Self-driving vehicles (which were used to deliver food even before the pandemic) and delivery robots could still complete essential deliveries, while keeping human drivers out of harm’s way. Indeed, Kiwi has pivoted to delivering medical supplies since the Covid-19 pandemic began. Nuro, another startup, had already received approval to test self-driving delivery vehicles on Texas roads before the pandemic began in earnest.

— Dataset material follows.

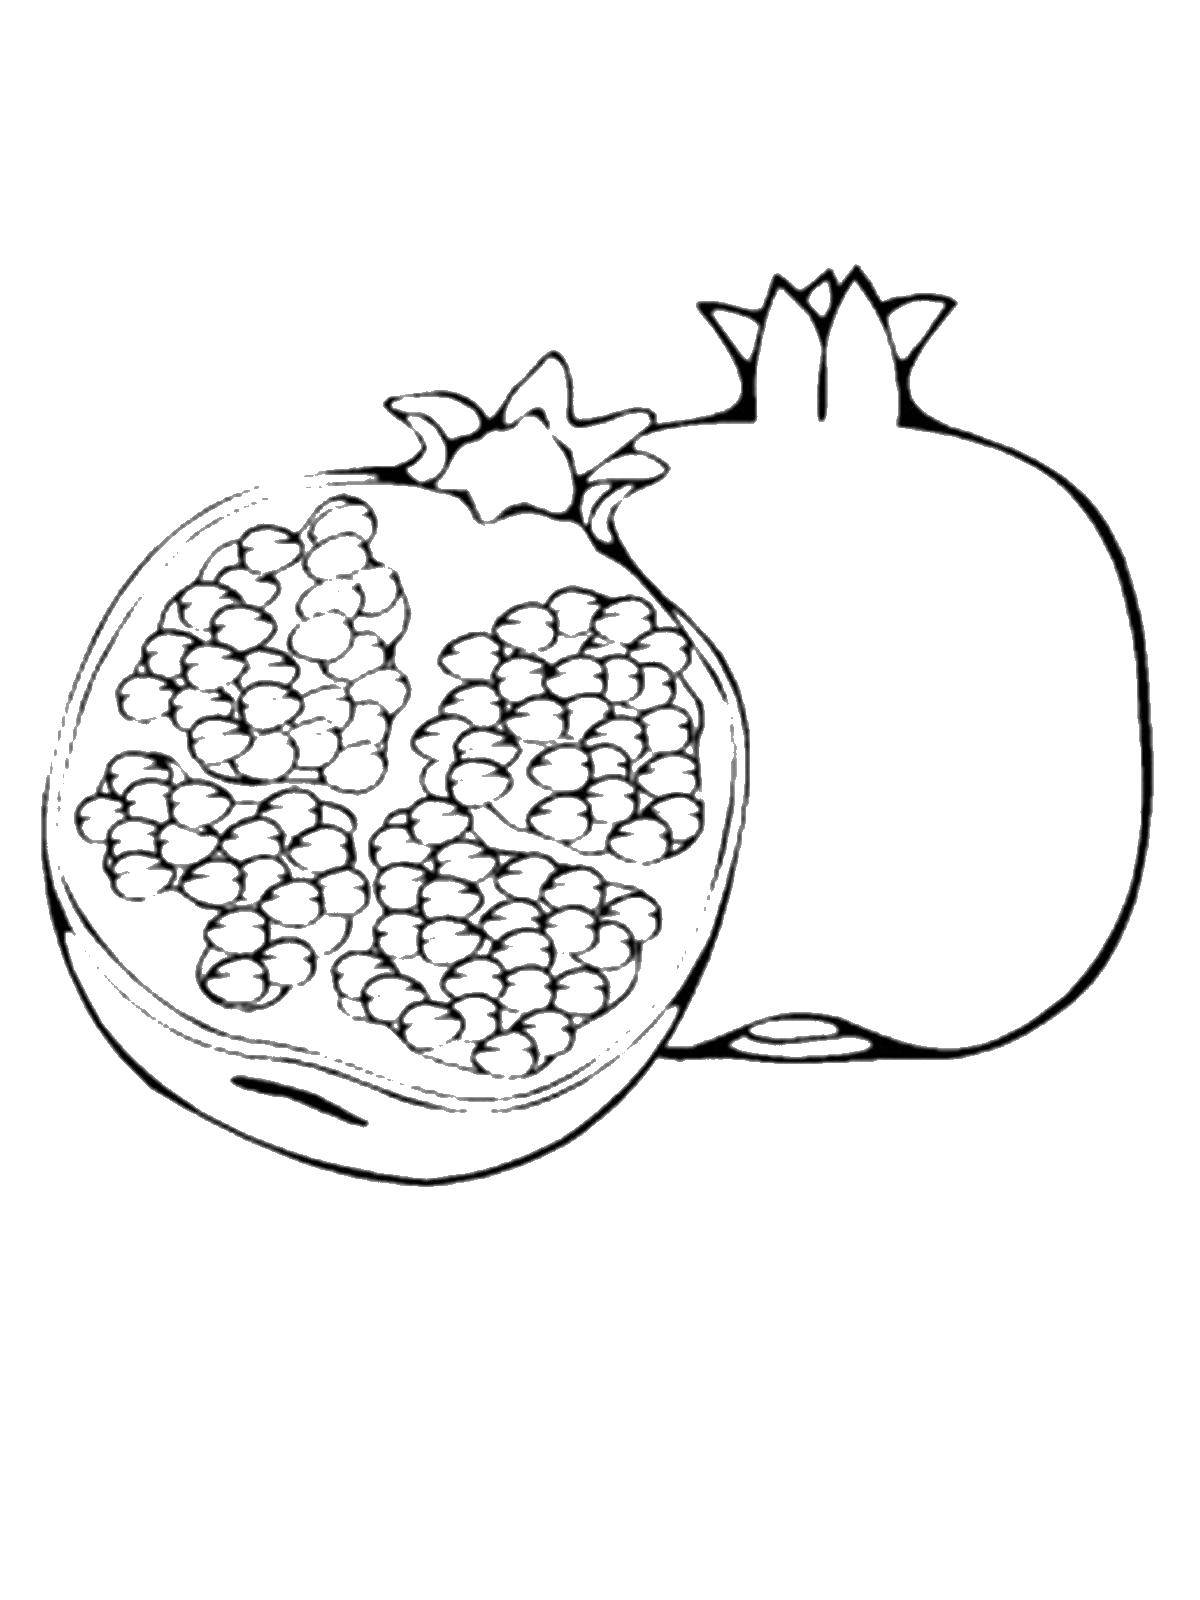 Coloring Garnet ratree. Category fruits. Tags:  fruit, pomegranate.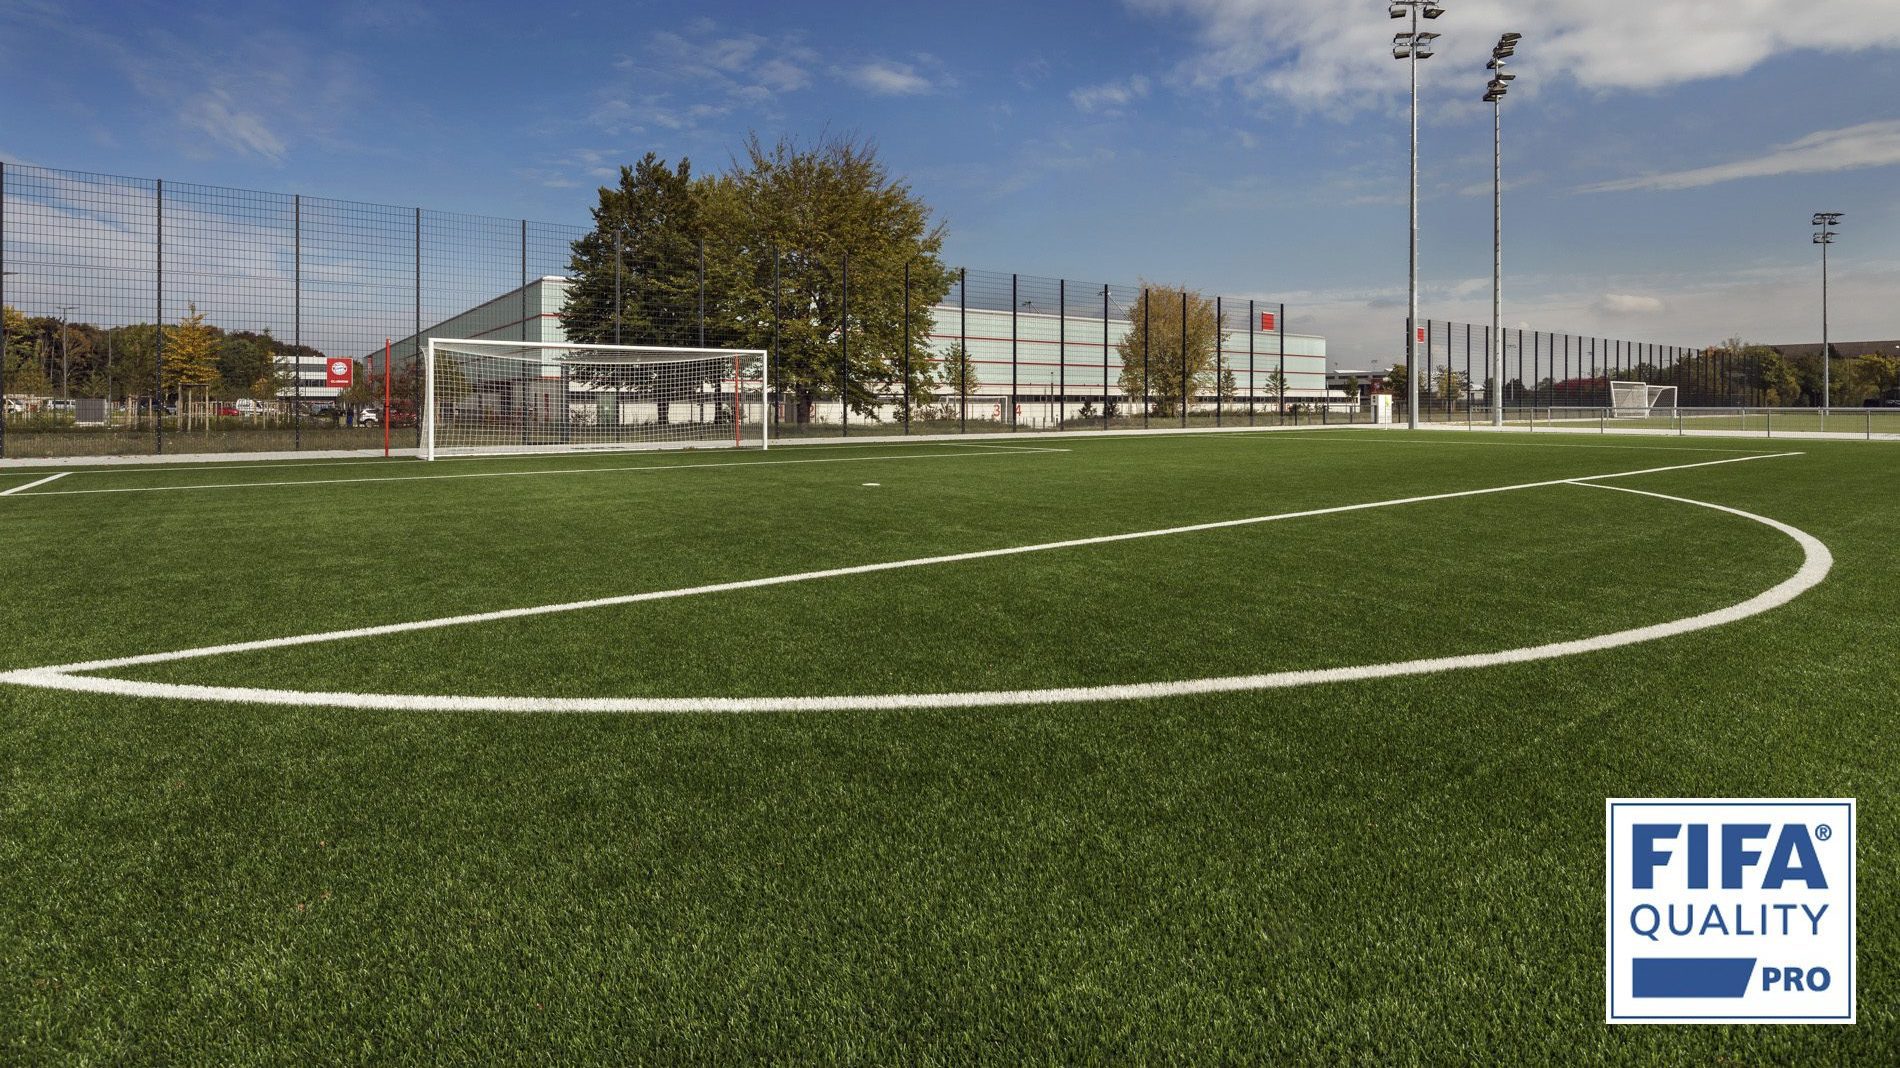 FIFA Quality Programme: The most important certification for artificial turf (2)

In the short term, many self-driving and teleoperation companies have suspended testing during the outbreak. But as lockdowns wear on, more transit systems close, the need for delivery becomes increasingly acute, and a larger number of gig economy workers are confined to their homes, self-driving vehicles with teleoperation are likely to emerge as an increasingly valuable and resilient technology.
In many ways, there’s never been a better time to deploy the technology. Roads are nearly deserted, reducing the risk of accidents. Disaster declarations have led to the loosening of bureaucratic red tape in many other industries. With high unemployment, there is a glut of skilled workers who could be trained to supervise delivery robots, operate self-driving delivery cars, or remotely return micro-mobility scooters.
So far, self-driving tech has been applied behind the scenes by the Go Xs and Kiwis of the world. It has made possible smart forklifts and other warehouse tech. It has been used for drones and other UAVs, and enthusiastically applied by the military.
With demand spurred by Covid-19 and the addition of teleoperation systems, self-driving vehicles may finally go from an “almost there” technology to an essential part of our transportation system.
If they do, they have the potential to take millions of our most at-risk workers out of harm’s way, while maintaining the flow of food, groceries, medical supplies, and other essential goods we so desperately need to weather this pandemic at home.